Content starts

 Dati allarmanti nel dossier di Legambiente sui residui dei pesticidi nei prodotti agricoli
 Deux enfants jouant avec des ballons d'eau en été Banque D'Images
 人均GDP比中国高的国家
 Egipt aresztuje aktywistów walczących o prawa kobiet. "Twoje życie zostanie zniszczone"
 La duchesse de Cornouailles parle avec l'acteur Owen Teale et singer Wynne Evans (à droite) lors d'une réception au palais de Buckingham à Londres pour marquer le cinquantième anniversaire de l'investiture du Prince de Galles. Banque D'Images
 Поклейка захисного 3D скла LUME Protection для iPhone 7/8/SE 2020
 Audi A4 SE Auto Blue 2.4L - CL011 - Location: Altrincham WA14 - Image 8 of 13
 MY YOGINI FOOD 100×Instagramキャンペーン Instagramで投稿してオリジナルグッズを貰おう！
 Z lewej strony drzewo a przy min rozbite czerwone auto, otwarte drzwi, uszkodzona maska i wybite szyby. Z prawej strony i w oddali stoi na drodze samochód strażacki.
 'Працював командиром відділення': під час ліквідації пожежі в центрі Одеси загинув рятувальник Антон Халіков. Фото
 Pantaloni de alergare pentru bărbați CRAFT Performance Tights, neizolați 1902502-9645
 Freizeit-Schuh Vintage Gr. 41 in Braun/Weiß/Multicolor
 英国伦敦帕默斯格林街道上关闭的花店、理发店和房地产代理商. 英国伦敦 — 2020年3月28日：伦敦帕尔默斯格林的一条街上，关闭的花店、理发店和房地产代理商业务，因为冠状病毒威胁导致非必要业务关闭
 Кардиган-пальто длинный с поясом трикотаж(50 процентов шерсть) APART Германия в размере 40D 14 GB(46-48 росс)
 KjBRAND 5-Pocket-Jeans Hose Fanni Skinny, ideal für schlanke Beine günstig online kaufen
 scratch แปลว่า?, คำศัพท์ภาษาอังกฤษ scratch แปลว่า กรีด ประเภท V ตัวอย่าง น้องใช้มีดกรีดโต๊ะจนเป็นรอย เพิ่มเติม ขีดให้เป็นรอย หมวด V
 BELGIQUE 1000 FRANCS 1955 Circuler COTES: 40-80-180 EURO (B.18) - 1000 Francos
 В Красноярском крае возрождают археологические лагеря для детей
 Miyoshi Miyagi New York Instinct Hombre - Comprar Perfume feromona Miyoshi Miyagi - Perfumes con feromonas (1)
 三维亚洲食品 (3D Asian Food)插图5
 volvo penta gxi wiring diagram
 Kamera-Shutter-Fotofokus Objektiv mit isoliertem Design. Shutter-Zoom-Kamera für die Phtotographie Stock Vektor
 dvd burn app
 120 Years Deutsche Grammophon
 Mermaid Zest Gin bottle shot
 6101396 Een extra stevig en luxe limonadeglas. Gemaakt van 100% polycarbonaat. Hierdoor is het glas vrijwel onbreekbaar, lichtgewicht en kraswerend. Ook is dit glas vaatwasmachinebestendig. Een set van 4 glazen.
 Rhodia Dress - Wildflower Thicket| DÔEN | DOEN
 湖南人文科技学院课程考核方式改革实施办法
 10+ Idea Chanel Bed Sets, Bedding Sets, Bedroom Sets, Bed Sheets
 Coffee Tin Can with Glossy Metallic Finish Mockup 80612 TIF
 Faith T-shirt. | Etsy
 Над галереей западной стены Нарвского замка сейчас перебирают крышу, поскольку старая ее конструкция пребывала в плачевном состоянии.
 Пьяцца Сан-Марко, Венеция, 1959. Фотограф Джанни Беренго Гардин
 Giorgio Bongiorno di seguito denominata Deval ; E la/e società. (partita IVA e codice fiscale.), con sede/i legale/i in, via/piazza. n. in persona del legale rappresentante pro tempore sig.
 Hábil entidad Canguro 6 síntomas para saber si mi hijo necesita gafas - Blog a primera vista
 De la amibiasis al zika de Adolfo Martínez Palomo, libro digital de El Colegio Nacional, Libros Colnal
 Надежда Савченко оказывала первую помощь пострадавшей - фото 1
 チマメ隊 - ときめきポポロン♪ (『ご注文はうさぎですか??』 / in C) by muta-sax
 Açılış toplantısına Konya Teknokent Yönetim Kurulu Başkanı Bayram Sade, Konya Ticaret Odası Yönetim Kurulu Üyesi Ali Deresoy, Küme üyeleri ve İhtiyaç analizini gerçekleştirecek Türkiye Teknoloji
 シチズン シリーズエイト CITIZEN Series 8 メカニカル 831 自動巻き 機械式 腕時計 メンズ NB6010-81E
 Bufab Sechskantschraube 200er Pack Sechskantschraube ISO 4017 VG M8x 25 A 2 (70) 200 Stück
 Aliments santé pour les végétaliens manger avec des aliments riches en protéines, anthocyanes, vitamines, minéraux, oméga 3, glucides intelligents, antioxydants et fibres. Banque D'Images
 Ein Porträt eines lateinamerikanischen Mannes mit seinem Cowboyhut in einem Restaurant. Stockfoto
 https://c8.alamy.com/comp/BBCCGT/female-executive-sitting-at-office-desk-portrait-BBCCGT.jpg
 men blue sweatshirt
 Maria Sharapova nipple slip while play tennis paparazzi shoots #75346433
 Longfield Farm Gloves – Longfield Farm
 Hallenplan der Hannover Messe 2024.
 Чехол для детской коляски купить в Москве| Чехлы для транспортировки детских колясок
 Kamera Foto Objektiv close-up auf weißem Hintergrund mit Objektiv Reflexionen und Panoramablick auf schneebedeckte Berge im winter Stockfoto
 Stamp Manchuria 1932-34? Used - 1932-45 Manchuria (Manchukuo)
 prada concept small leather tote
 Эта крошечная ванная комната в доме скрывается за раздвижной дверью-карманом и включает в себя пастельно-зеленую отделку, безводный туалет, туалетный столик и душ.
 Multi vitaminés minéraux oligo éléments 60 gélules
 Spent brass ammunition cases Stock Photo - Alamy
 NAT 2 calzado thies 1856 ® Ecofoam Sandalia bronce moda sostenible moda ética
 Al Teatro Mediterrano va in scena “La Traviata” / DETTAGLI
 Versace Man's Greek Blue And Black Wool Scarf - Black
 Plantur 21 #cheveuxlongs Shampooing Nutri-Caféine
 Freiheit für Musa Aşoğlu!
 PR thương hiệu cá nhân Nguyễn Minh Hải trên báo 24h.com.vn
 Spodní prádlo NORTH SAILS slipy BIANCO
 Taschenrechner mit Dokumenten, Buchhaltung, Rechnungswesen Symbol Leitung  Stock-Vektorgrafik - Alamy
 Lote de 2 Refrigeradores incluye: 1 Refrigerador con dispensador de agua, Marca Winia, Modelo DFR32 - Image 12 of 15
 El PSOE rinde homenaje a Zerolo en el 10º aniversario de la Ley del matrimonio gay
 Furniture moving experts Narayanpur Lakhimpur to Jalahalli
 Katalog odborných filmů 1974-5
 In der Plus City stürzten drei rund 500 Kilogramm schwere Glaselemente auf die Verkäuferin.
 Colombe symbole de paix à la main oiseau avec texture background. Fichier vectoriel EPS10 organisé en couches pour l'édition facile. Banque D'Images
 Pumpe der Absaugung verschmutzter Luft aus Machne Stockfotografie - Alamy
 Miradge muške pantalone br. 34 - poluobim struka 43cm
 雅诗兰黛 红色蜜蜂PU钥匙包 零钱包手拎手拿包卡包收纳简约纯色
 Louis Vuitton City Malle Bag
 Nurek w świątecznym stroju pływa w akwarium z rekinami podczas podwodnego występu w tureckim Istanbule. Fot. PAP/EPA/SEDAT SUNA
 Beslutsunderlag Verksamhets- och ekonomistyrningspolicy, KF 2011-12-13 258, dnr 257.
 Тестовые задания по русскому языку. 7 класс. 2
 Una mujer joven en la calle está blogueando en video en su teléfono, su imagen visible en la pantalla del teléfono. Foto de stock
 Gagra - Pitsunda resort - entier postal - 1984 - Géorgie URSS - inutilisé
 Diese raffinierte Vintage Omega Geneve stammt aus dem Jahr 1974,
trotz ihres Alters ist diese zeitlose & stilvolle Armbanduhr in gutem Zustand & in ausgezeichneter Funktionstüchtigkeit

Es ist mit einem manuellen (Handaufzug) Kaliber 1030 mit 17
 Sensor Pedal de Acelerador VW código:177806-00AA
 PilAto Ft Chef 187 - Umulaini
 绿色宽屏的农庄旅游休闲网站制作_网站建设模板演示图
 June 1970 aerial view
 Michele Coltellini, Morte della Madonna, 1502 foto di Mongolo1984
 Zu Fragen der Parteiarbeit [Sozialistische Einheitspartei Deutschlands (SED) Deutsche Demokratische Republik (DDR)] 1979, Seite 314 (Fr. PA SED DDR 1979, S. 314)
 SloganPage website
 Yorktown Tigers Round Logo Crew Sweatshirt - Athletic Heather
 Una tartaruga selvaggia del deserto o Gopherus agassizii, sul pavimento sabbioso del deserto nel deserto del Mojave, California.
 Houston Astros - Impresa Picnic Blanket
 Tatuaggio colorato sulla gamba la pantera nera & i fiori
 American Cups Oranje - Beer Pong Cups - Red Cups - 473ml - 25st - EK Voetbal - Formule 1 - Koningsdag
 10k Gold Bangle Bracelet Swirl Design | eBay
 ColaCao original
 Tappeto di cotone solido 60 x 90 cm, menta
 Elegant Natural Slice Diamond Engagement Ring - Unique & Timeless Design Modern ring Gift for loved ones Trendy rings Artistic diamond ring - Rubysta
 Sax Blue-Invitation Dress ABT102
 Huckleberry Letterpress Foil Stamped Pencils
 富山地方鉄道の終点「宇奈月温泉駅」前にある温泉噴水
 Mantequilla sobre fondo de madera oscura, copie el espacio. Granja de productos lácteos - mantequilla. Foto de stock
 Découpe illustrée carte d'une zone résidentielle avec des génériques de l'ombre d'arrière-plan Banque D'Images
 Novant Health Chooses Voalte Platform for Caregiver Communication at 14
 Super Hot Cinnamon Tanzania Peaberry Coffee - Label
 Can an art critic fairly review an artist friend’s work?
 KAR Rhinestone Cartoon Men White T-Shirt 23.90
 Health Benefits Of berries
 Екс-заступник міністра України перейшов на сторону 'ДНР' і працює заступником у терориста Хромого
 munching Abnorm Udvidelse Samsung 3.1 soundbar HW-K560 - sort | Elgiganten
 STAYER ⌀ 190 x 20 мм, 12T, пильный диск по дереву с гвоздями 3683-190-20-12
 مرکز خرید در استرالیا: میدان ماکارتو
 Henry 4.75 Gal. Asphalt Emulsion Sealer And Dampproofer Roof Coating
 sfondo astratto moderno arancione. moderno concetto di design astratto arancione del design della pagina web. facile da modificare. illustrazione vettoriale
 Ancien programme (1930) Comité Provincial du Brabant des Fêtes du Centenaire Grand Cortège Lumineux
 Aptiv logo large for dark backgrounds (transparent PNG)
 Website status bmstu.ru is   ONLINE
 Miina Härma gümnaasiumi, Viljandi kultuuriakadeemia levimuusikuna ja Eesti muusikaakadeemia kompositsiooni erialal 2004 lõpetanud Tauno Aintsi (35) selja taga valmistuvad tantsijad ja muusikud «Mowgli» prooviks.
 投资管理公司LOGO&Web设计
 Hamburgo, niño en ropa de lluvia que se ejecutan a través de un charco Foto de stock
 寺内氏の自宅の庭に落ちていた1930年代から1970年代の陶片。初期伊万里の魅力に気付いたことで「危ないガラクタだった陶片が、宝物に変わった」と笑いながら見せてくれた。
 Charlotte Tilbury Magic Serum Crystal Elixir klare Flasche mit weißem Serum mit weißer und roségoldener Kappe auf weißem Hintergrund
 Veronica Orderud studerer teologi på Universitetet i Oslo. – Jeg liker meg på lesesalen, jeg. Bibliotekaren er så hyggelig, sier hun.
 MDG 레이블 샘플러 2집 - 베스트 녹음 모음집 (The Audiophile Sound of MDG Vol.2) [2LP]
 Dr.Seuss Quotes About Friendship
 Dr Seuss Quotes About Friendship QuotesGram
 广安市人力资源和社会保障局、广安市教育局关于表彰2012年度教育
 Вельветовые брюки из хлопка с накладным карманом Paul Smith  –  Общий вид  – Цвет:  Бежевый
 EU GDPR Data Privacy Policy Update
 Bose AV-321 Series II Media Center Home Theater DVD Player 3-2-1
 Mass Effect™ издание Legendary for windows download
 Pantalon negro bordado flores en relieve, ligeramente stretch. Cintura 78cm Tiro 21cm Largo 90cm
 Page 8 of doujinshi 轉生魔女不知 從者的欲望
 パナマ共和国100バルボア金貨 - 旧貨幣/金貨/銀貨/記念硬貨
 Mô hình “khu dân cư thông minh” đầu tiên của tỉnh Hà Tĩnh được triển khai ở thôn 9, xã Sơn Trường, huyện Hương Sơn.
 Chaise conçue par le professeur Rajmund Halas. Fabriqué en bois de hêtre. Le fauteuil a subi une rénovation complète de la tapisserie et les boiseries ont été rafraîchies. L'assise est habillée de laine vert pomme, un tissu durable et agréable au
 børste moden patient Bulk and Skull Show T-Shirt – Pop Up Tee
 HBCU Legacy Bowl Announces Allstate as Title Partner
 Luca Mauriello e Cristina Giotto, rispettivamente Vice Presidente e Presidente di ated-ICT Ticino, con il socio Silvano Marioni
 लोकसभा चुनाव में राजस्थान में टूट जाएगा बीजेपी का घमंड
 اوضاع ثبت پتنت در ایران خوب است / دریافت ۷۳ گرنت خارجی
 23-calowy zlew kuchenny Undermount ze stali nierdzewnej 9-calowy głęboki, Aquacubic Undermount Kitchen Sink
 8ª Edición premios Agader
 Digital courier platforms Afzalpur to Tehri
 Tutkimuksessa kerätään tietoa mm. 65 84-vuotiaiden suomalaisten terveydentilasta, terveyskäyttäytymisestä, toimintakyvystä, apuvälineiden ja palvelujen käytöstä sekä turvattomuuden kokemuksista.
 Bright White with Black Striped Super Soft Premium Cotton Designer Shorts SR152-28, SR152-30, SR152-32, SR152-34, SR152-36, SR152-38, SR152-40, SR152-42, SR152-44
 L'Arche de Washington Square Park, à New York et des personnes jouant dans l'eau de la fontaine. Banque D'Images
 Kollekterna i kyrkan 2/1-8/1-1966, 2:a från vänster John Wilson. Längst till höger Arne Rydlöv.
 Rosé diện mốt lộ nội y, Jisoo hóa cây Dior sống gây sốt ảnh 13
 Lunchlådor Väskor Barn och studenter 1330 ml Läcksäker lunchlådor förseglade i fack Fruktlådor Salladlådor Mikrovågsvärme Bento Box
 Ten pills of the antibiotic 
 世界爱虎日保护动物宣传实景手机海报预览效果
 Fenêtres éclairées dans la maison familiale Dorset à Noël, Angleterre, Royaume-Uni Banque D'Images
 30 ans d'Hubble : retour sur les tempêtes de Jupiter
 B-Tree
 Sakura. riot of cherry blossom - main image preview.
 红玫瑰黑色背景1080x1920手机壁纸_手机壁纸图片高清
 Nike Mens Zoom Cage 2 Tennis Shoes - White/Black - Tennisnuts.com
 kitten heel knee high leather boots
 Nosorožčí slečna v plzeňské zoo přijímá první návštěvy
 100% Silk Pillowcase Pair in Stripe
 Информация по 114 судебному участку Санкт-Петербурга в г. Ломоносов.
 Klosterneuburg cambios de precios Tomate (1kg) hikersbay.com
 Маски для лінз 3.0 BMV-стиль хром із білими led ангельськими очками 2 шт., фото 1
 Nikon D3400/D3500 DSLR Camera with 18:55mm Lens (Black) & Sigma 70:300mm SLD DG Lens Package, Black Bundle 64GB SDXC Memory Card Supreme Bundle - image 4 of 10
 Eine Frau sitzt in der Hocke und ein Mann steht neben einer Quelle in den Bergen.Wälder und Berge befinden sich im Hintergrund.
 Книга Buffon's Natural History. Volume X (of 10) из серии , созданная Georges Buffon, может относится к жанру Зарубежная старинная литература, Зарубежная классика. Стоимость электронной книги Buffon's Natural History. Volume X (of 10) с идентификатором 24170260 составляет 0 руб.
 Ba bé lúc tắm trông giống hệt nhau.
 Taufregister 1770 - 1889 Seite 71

Content ends

Required work
In the listing above, which lines include the string "Quotes"? Return every one of them.

Solution for this exercise
 Dr.Seuss Quotes About Friendship
 Dr Seuss Quotes About Friendship QuotesGram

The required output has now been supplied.